1) deine Bild hast im RGB....damit bearbeitest du sie....

2) du kannst dann ein Profil deine Wahl nutzen, möglichst den größeren Farbraum....

3) nun kommt die "Entscheidung"...was mit den Bildern passiert???...nicht jedes wird gedruckt...die meisten wandern wohl ins Archiv!

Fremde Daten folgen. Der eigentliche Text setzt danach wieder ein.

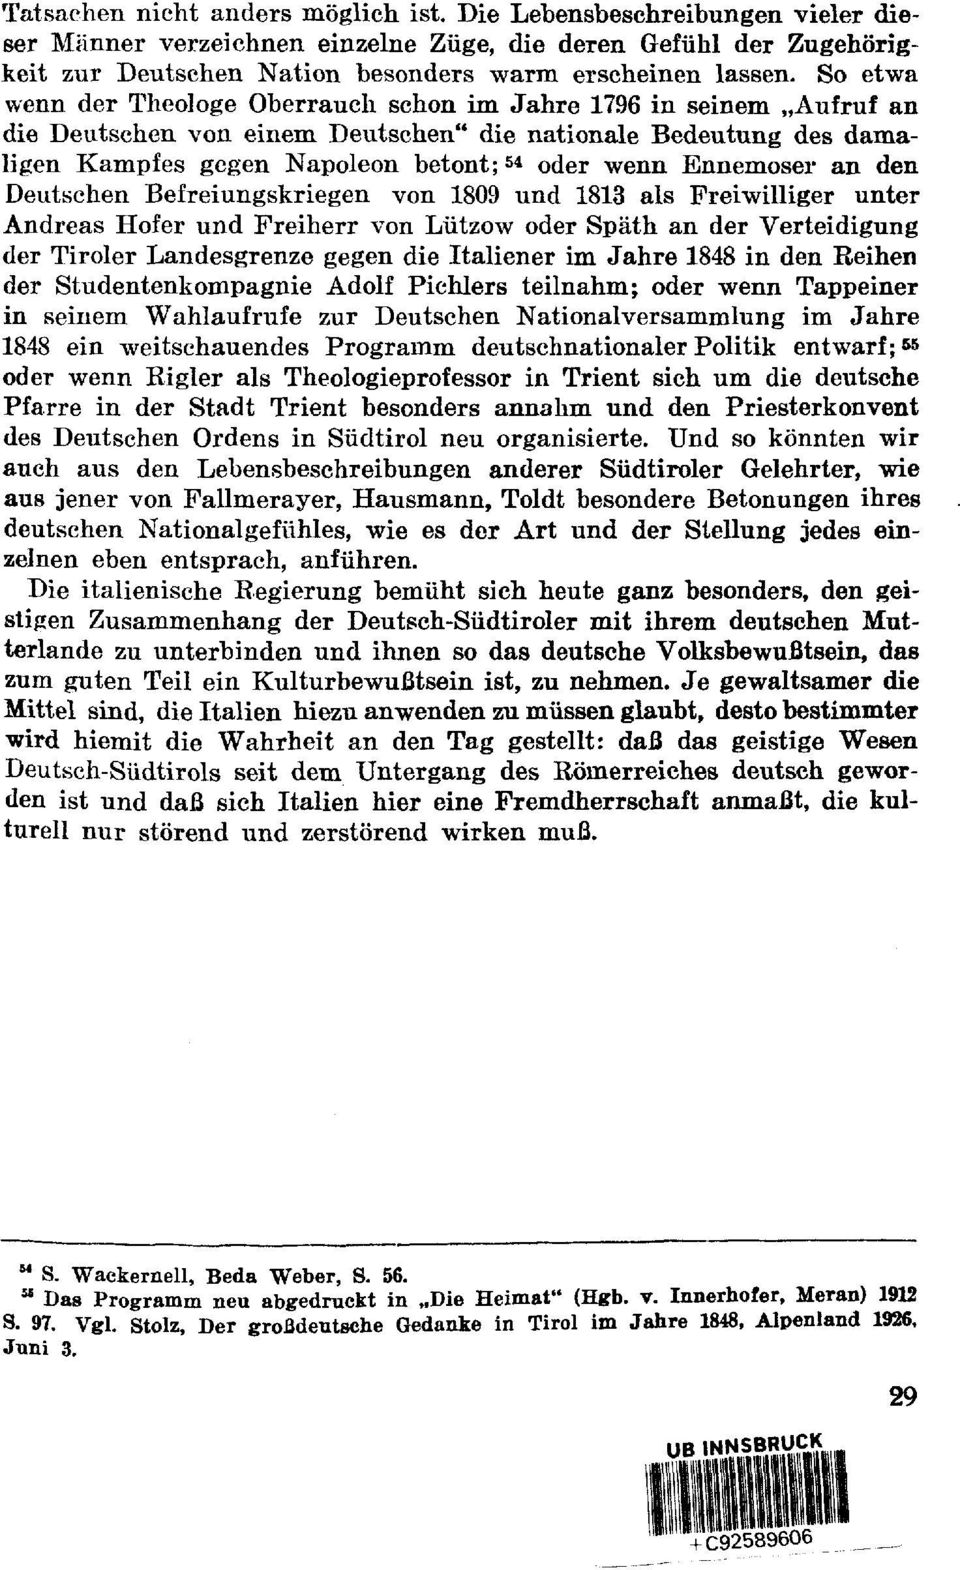 Ennemoser an den Deutschen Befreiungskriegen von 1809 und 1813 als Freiwilliger unter Andreas Hofer und Freiherr von Lützow oder Späth an der Verteidigung der Tiroler Landesgrenze gegen die Italiener

....ich habe nach einigen fehlschlägen mittlerweile immer mehrere Archiv-Ordner für RGB=>> 1x für Web mit sRGB, 1x Allgemein mit Adobe RGB, und 1x mit ECI-RGB die wohl für den Druck bestimmt sind...

...denn es ist natürlich auch schon vorgekommen....dass ich am ende der bearbeitung nur ein CMYK zur Verfügung hatte....und der Kunde dann auch noch eine "Webauflösung" brauchte...!

4) die konvertierung nach CMYK...ist natürlich abhängig von der gewünschten "Ausgabe" wie Papier /Format /Verwendung usw...und variiert dann nach den Kundenwünschen!

5) deine eigenen Ausdrucke...gehen natürlich auch locker mit RGB!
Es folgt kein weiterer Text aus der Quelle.